**Task objective**
Which lines in the data below contain the string "Sale"? Show each one.

**Material for the task**
··········

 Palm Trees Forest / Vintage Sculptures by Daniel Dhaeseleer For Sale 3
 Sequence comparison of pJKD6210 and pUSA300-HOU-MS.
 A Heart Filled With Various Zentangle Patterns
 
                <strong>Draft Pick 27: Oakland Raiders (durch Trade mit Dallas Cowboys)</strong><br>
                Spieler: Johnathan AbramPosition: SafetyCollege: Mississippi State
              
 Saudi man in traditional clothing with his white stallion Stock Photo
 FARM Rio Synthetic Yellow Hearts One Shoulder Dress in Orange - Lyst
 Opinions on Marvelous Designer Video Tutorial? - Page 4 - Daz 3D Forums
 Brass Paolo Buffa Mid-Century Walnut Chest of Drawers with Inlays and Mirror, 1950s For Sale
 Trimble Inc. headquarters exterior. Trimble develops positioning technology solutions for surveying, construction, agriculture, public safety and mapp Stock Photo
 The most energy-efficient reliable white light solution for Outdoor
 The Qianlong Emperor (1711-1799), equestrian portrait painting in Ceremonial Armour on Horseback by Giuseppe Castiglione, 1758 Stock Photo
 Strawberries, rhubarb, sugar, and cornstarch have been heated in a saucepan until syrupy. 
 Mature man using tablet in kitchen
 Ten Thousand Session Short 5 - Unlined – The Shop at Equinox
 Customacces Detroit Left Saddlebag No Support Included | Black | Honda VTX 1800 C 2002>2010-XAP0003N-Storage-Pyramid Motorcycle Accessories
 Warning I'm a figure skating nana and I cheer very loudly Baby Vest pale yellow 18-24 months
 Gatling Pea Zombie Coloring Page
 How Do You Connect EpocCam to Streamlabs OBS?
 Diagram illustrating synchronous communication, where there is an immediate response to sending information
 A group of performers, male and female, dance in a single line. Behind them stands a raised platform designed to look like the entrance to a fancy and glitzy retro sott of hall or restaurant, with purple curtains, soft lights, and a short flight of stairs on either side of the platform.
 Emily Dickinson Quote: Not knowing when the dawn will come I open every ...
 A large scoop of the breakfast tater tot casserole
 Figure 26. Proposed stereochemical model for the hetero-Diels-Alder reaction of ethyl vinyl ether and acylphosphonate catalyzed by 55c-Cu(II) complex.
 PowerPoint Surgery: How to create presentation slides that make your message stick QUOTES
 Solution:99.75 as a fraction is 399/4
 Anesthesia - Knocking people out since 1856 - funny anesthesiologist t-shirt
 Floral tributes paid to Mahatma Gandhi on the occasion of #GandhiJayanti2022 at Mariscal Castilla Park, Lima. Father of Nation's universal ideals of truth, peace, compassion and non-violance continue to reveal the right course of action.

··········

**Reply to the task**
 Palm Trees Forest / Vintage Sculptures by Daniel Dhaeseleer For Sale 3
 Brass Paolo Buffa Mid-Century Walnut Chest of Drawers with Inlays and Mirror, 1950s For Sale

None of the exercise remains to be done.